Exercise » The lines below, from the one containing "Die-Cut Stickers & Magnets" through the one containing "Türkiye earthquake death toll reaches 3,381", should be set down exactly, with no pictures and nothing else.
BEGIN Available records
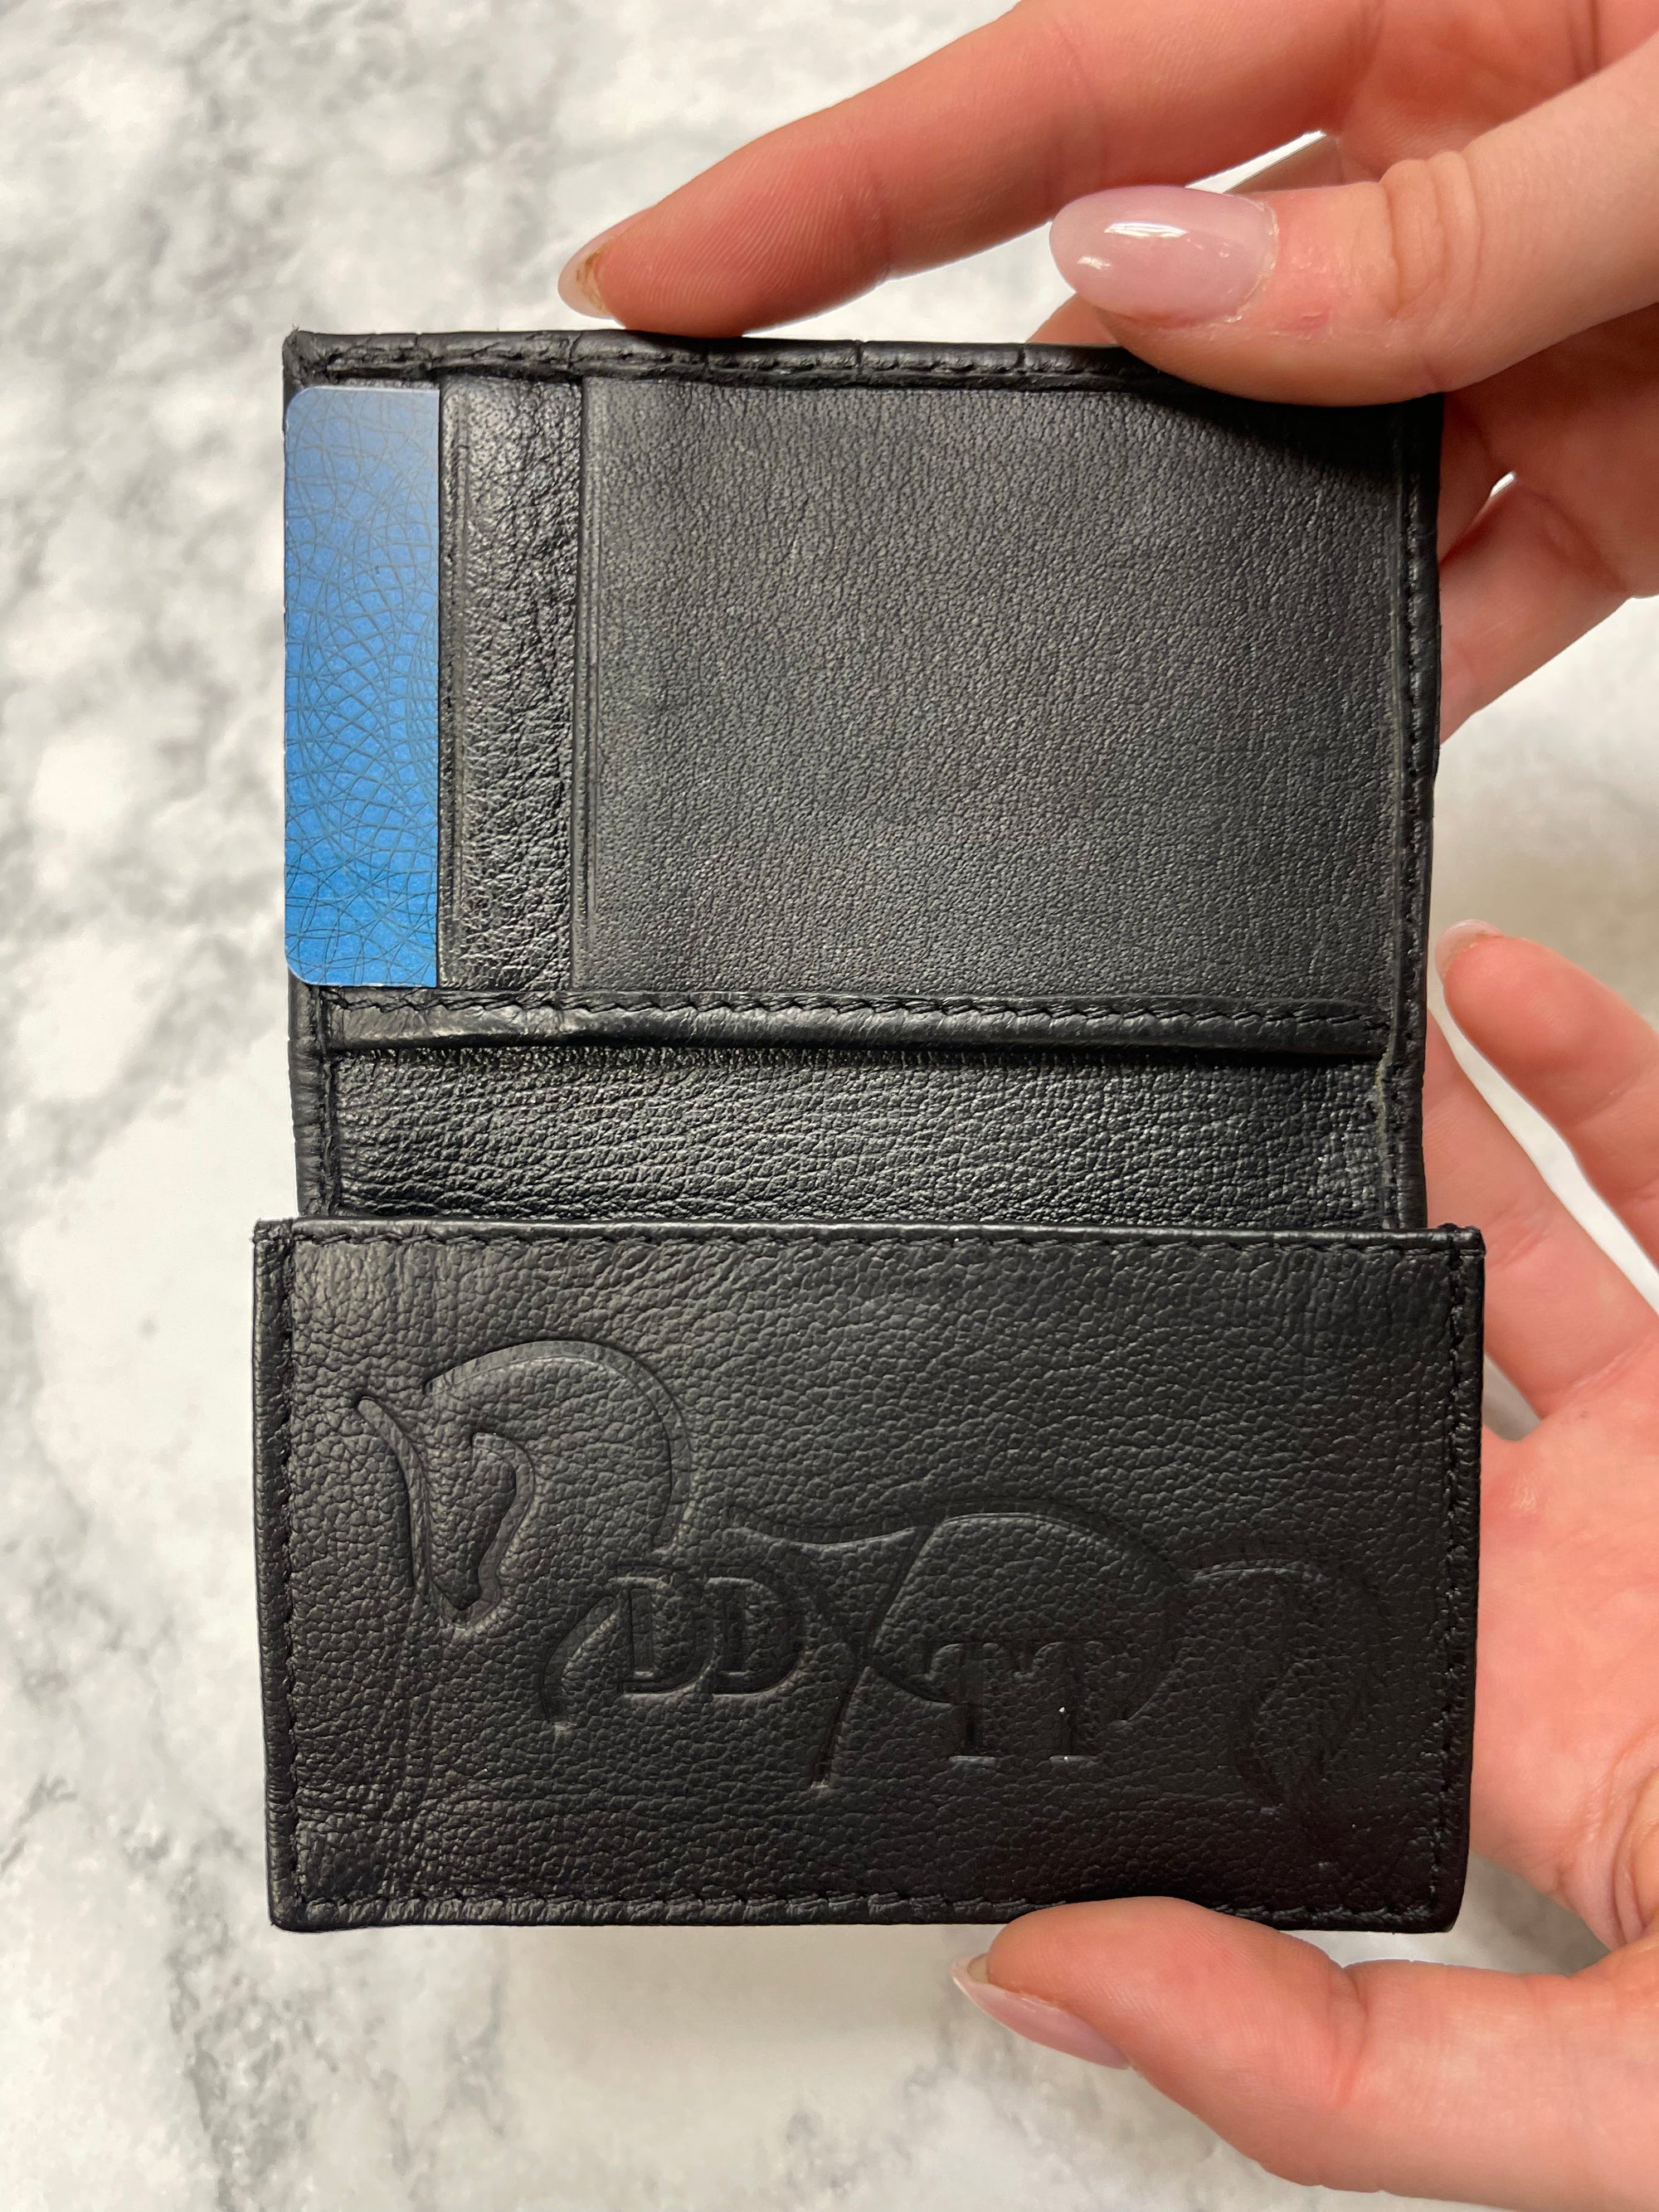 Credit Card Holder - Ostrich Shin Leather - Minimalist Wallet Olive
END Available records
BEGIN Available records
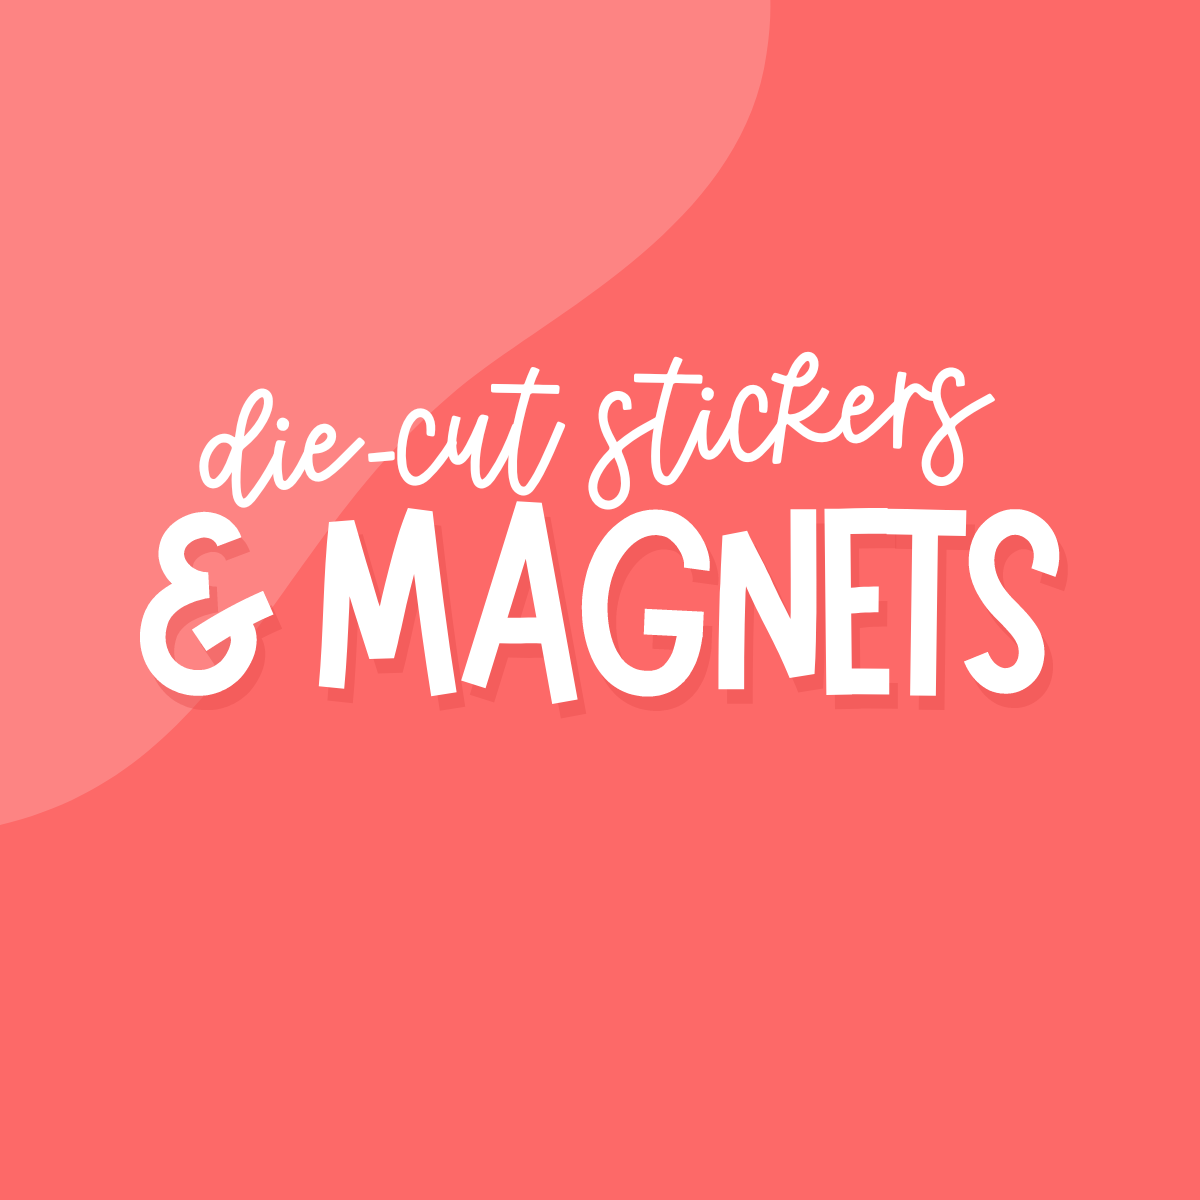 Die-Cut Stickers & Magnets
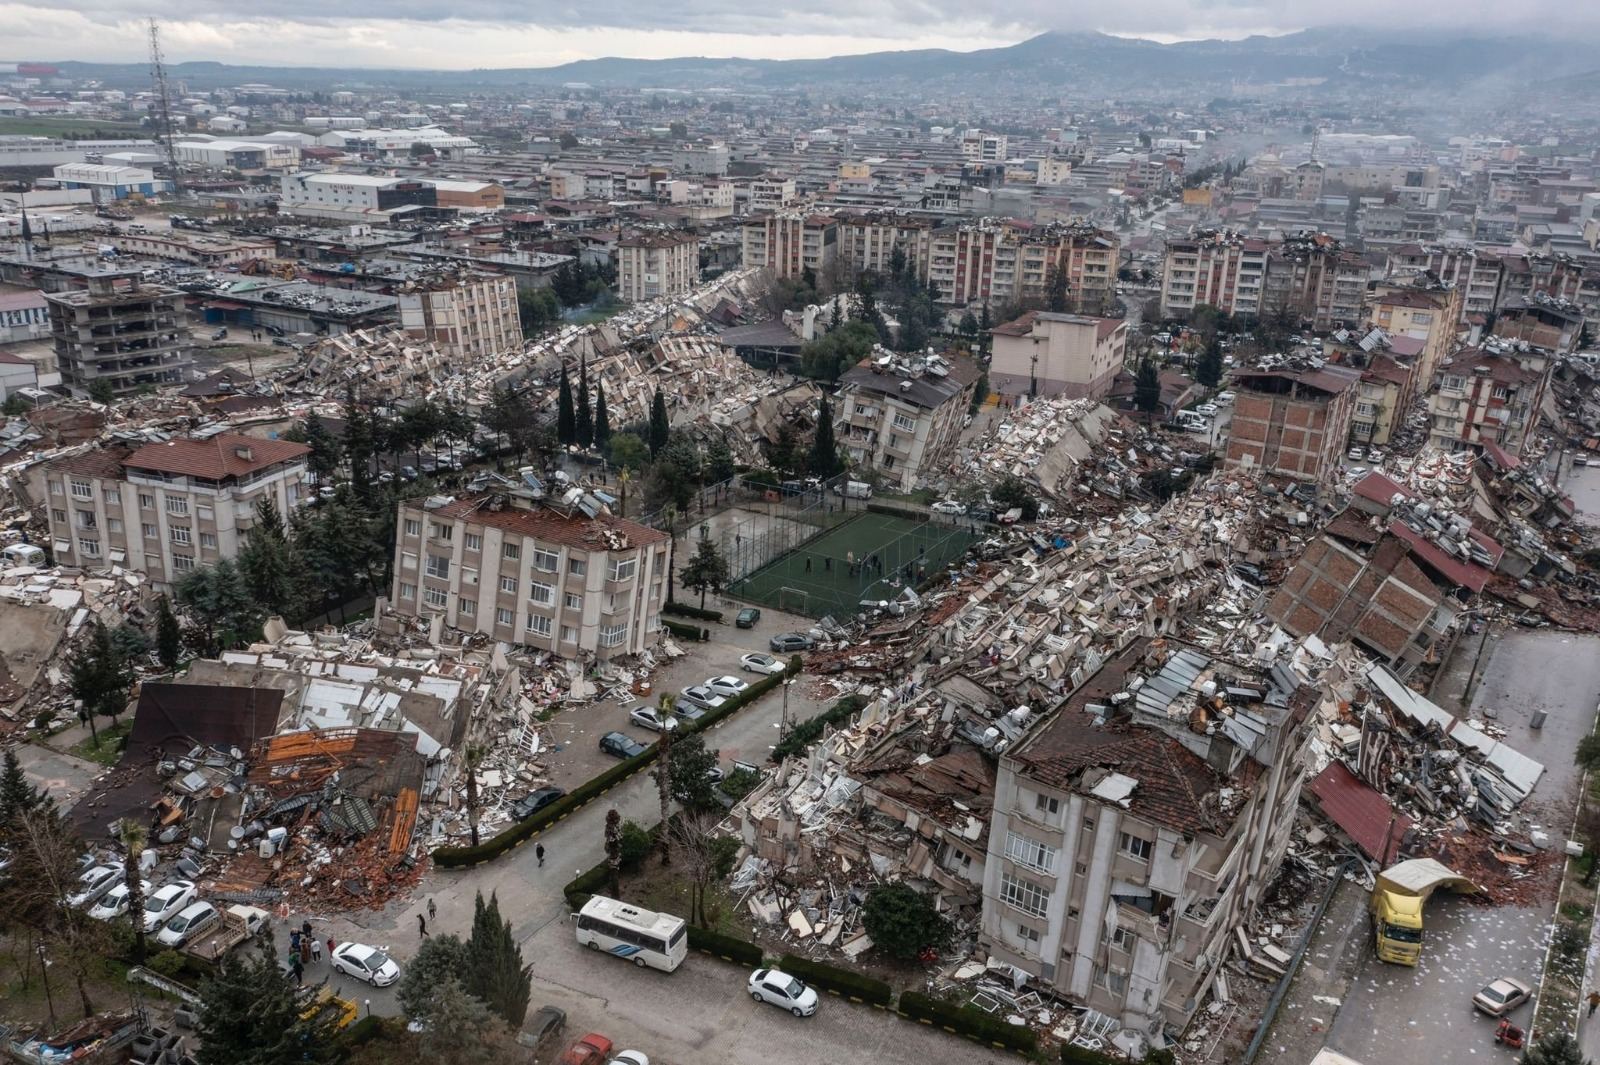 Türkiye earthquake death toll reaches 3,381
END Available records
Exercise answer »
 Die-Cut Stickers & Magnets
 Türkiye earthquake death toll reaches 3,381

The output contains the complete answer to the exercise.